• 1026
    lirik reis.

    --- alıntı ---
    dünya futbol tarihinde ender görülen bir ikili izlenecek.
    --- alıntı ---

    hemen konuya teatral/sinematografik bir boyut getirmiş.
    öyle bir ikili ki adeta bir kavuklu ile pişekar, gene adeta bir laurel-hardy, ne bileyim sanki bir harold and maude (bak bu film senin için uğur bey kardeşim)

    bazı takımlar daha antrenörü belirlememişken, dalga konusu gündemi erkenden belirlemiş.

    geçen yıl “2000 yılda gelen bir jesus” idi , bu yıl gün hesaplı “ enteresan ikili”.
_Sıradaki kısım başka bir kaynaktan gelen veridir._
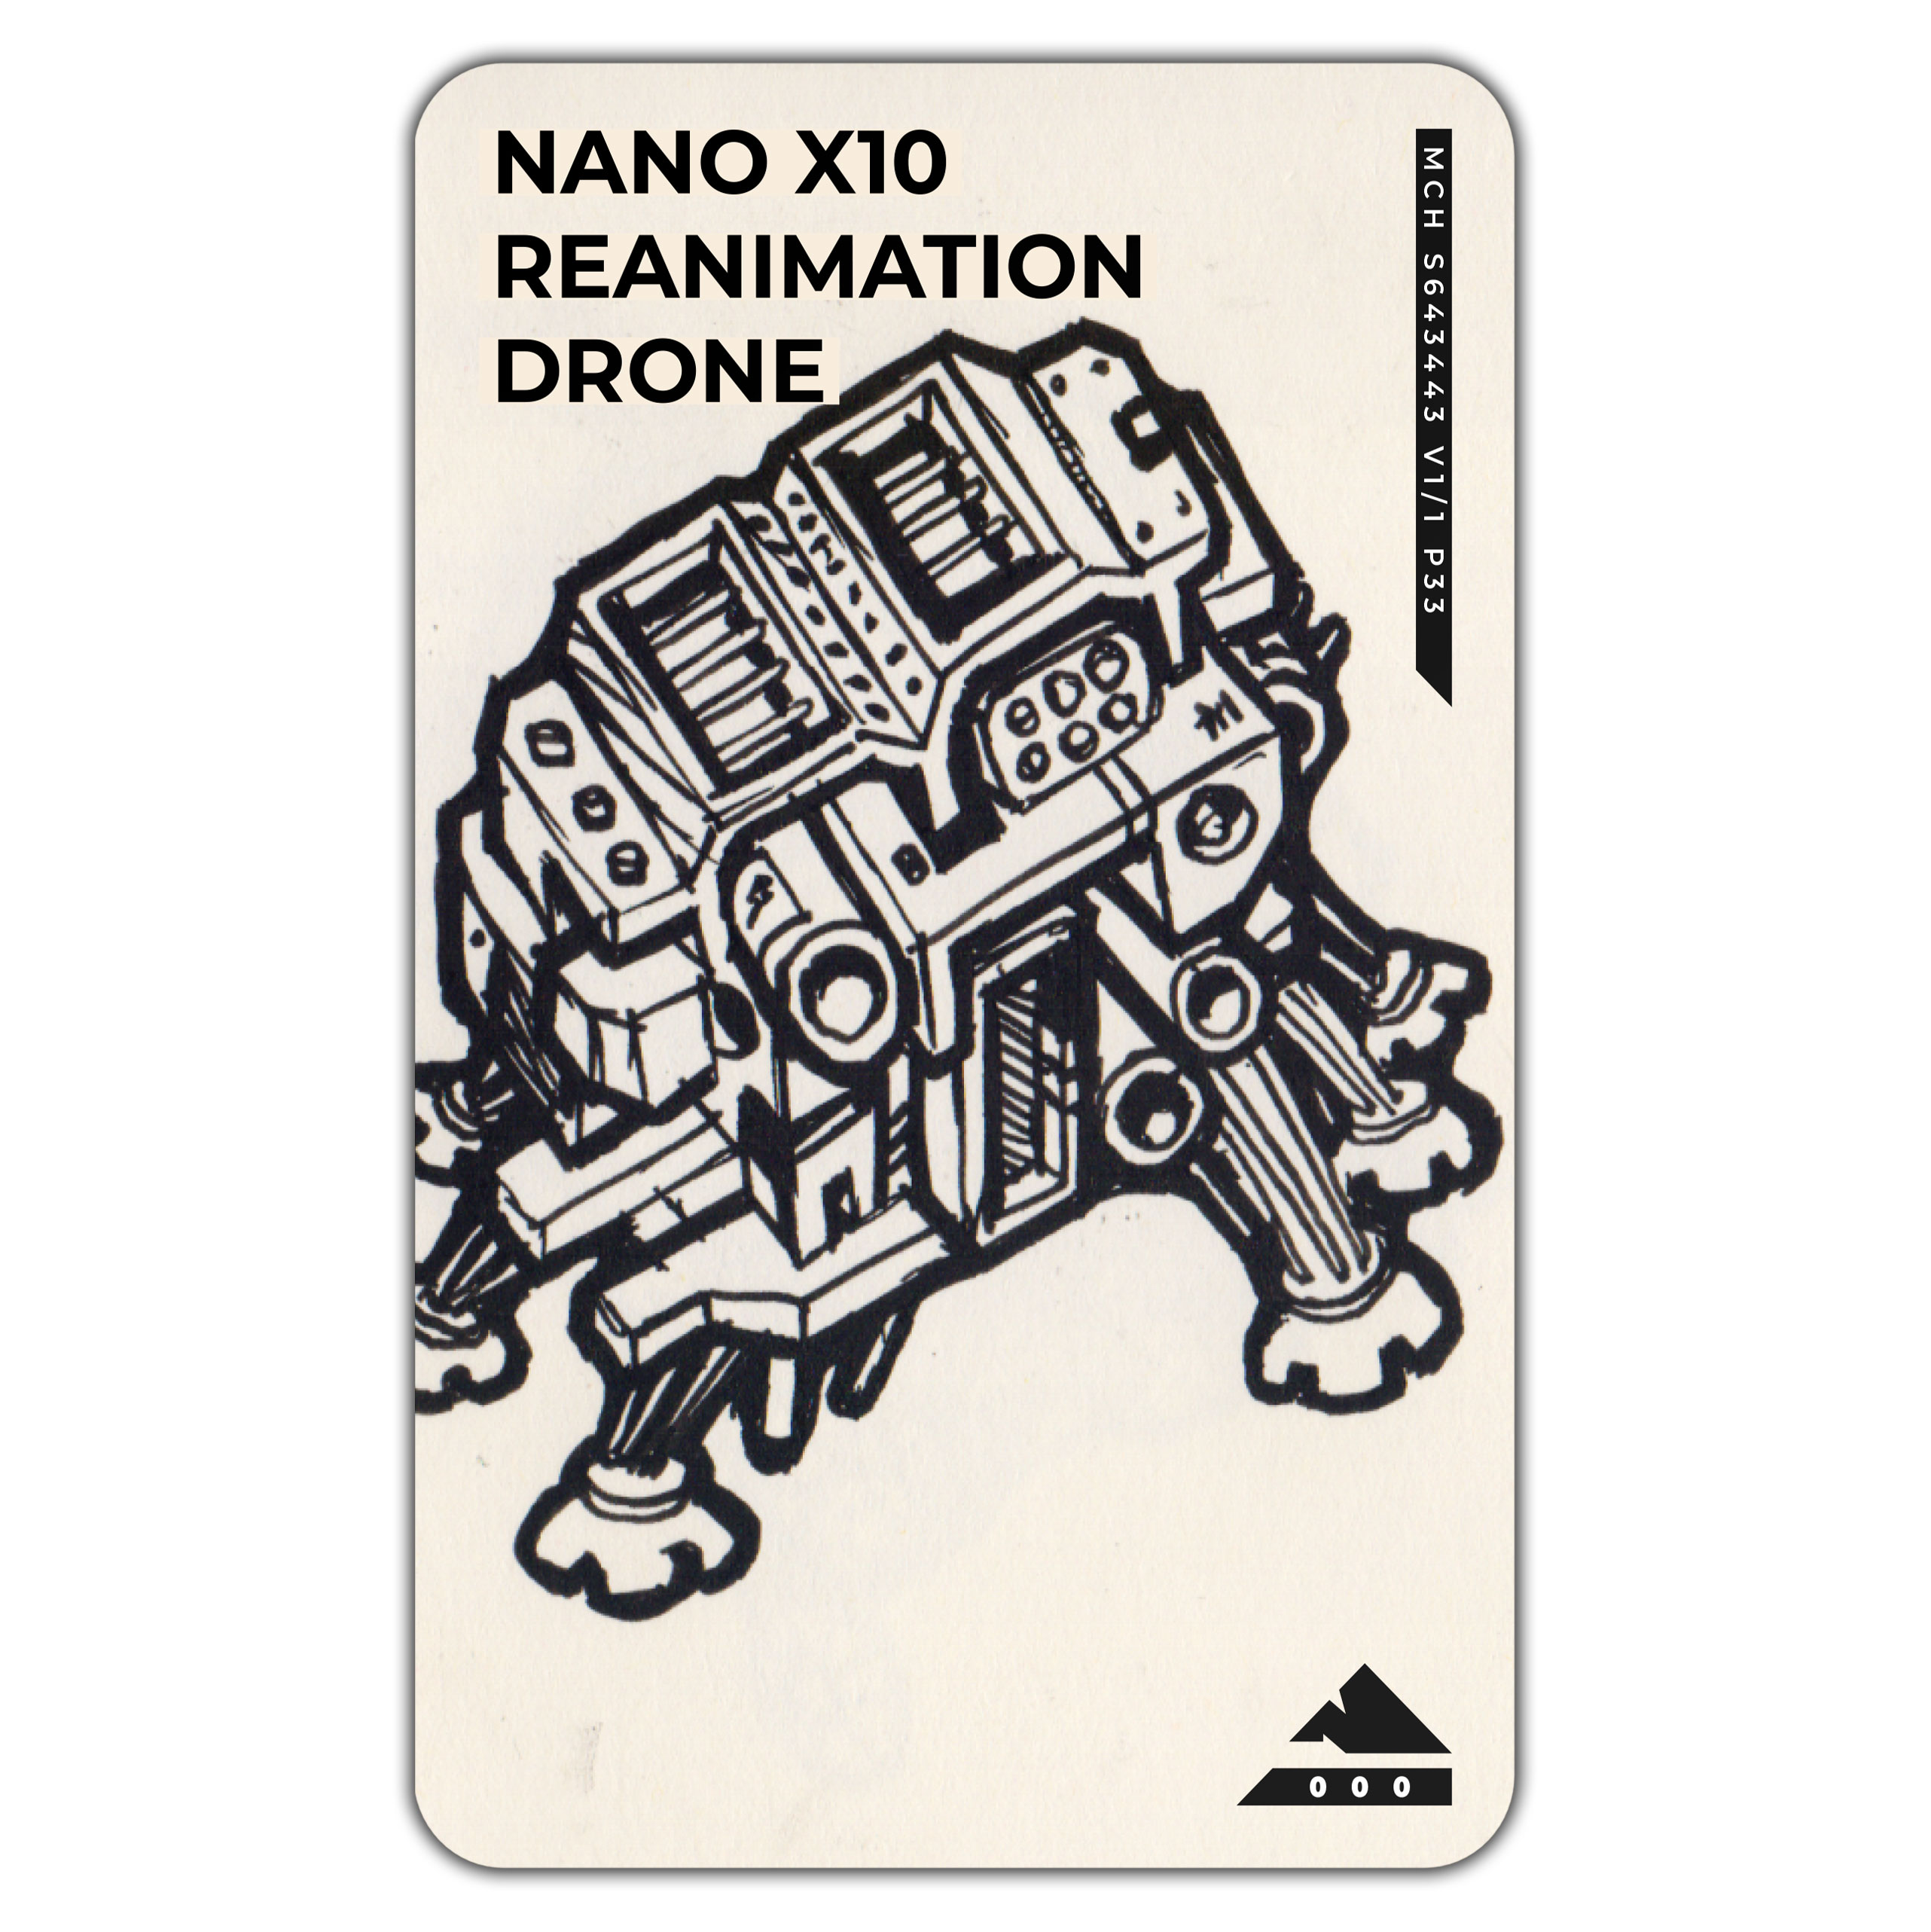 NANO X10 REANIMATION DRONE [ 0 0 0 ] ~ MCH S643443 V1/1 P33

    sen çok yaşa lirik reis..
  • 1027
    sayın uğur meleke, sözlüğümüzde hakkında yazılan içeriklerden dolayı tarafımıza bir metin göndermiş olup cevap hakkı kapsamında söz konusu metin aşağıda paylaşılmıştır.

    --- alıntı ---

    değerli arkadaşlar,

    aslında böyle bir açıklamayı çok daha erken yapmalıydım, farkındayım. ama sosyal medyaya ben bayağı uzağım, bir-iki manipülasyonun/tevatürün bu denli büyüyebileceğini öngöremedim. ya da belki ihmalkâr davrandım. nihayet bugün galatasaray sözlük’ü takip eden (ve sanırım yazar da olan), sizin de çok sevdiğiniz bir arkadaşımın uyarısıyla böyle bir açıklama yapmam gerektiğini anladım.
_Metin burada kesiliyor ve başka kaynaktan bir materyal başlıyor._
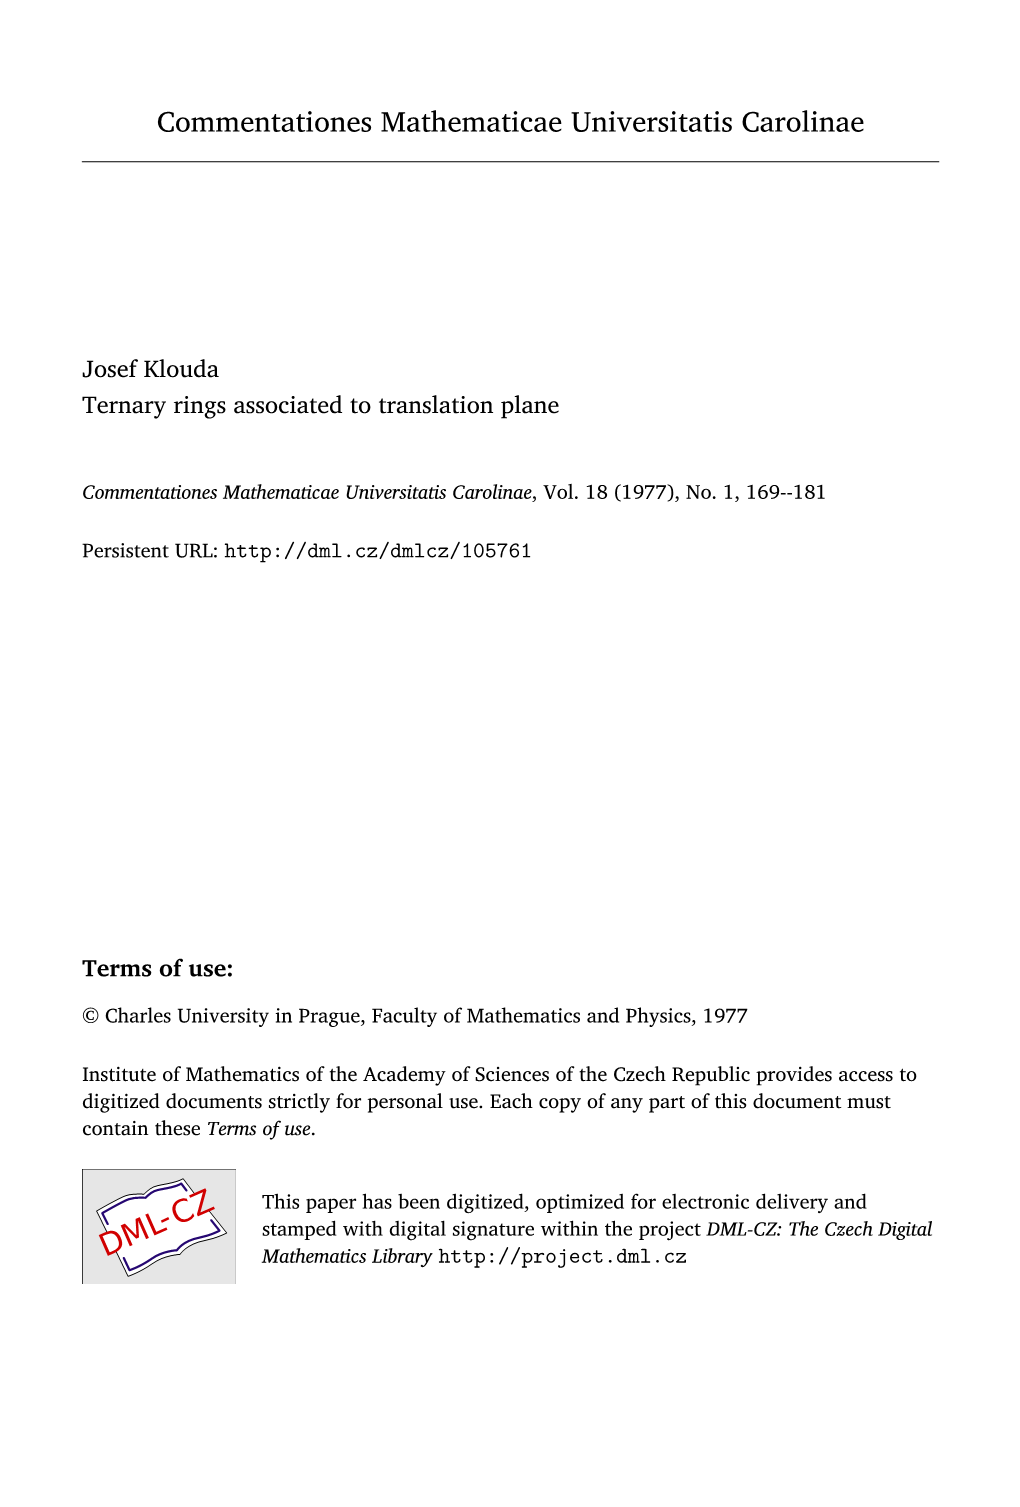 Ternary Rings Associated to Translation Plane

    gazete dün benden bir dzeko görüşü istedi. yazdım, yolladım. dzeko 37 yaşında, hatta sezon içinde 38 olacak. arda ile partner olurlarsa yaşı onun iki katından büyük. yaş farkı açısından dünya futbol tarihinde ender görülecek türden bir ikili olduğunu belirttim. biri 6688, diğeri 13612 günlük. yazıda fenerbahçe’nin geçen seneki 5 santrforunun da 30+ yaşta olduğuna vs de değindim.
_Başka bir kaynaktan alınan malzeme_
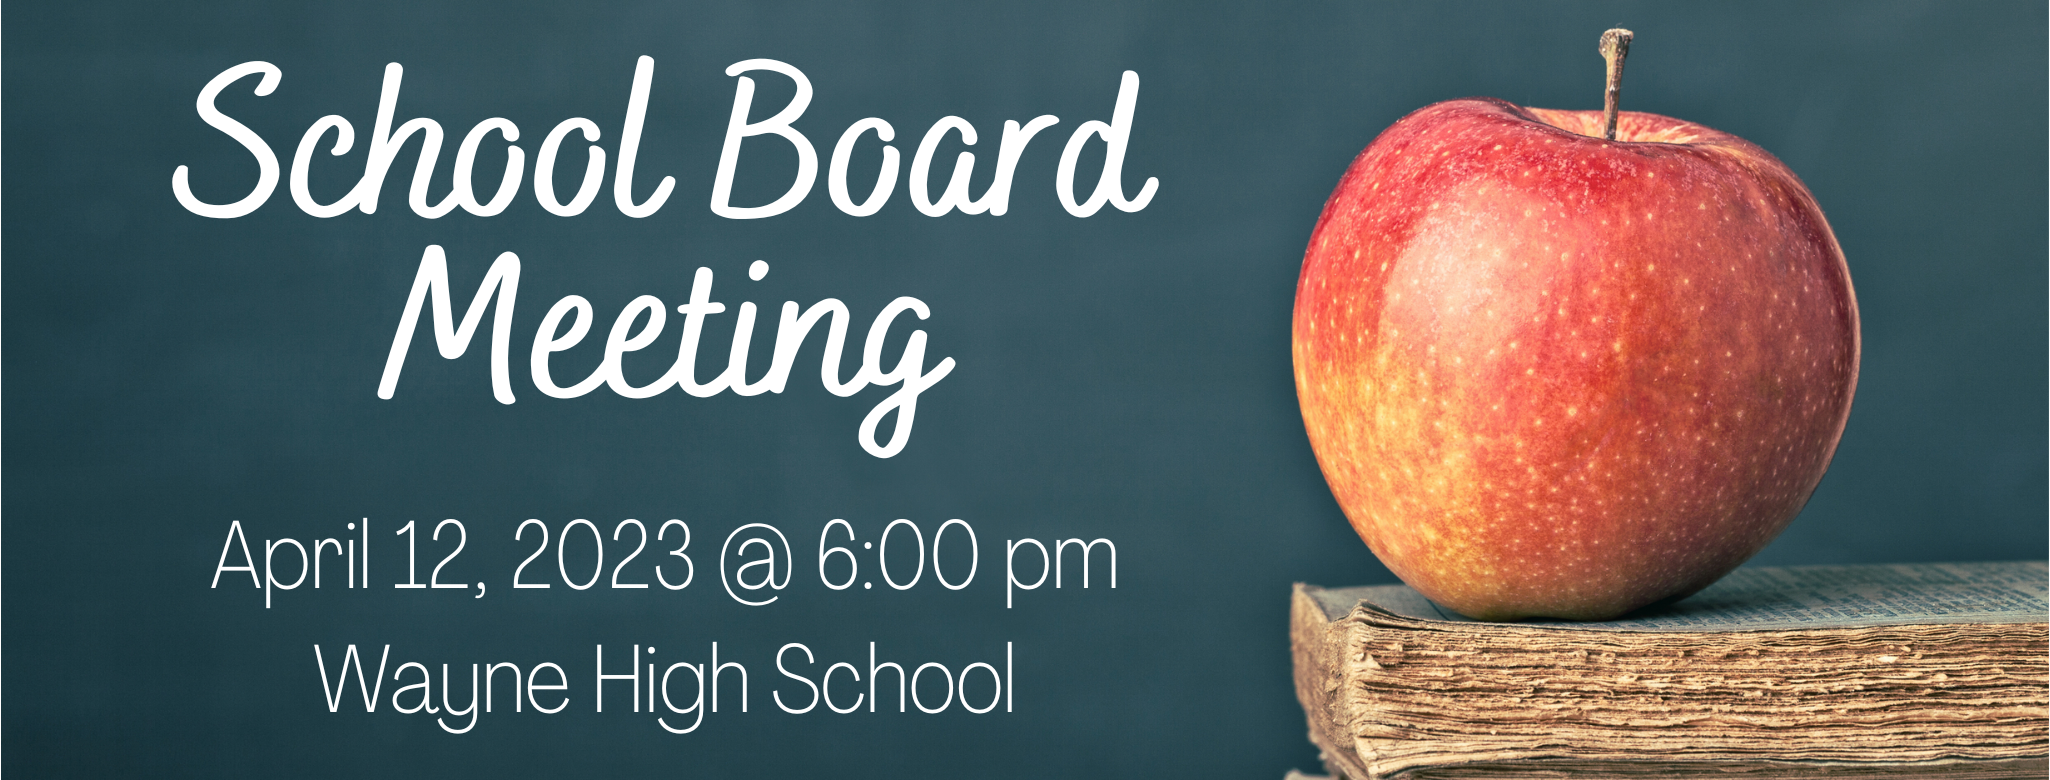 School Board Meeting 8

    belli ki okuduğunu anla(ya)mayan, ya da muhtemelen böyle anlamayı tercih eden birisi gelmiş, ben bu ikiliyi sanki kaliteleri açısından “dünya futbol tarihinde ender görülecek türden” diye nitelemişim gibi bir şey yazmış sözlüğünüze. onun altında da, ilk girilen verinin gerçekliğini sorgulamayan bir sürü lakırdı edilmiş.

    *bu arada barkor nickli arkadaşa teşekkür ederim, o doğrusunu açıklamaya çalışmış arada. ama yeni dünya düzeni böyle. doğruyu söyleyen dinlenmiyor. çok bağıran, çok alay eden, çok eğlenceli olduğu zannedilen dinleniyor.

    kimse gerçekle ilgilenmiyor, bir şey eğlenceliyse, çok “like” aldıysa onun peşinden gitmek daha makbul. oysa siz gençlere bir şeyi yorumlamadan önce doğruluğunu teyit etmek yakışmaz mı? birisi bir yalan söylüyor, 100 kişi peşinden gidiyor. bence o yalancı kadar, peşinden giden 100 kişi de kendini sorgulamalı.

    ****

    benzer bir durumun aylar önce yaptığım bir jesus yorumunda da yaşandığını gördüm üzülerek.

    jesus o gün “türk futbolunda sporcular çok fazla yerde vakit geçiriyor, bu da oyunun kalitesini düşürüyor” gibi bir açıklama yapmış. gazete benden görüş istemiş. bir paragraf görüş vermişim. jesus’u bu probleme parmak bastığı için övmüşüm, lütfen çözümünü de söyleyin demişim (o kontrolsüz övgümün nedenini de aşağıda açıklayacağım)

    o övgünün oyunla alakası yok. skorlarla alakası yok. tabelayla alakası yok. galatasaray’ı ya da fenerbahçe’yi tutmuyorum. kimin şampiyon olduğu zerre umrumda değil. 18 yıldır bu işi yapıyorum, hiçbir zaman da umrumda olmadı. bunu çeşitli röportajlarında zaten söyledim: ankara atatürk anadolu lisesi mezunuyum. gençlerbirliği eski sporcusuyum. gençlerbirliği’nin 2822 numaralı onurlu kongre üyesiyim. sadece gençlerbirliği’nin kalbimde ayrı bir yeri var. ama gençlerbirliği de süper lig’de olduğunda hiçbir adaletsiz yorum yapmadım. inanmadığım bir şey söylemedim. söylemem de.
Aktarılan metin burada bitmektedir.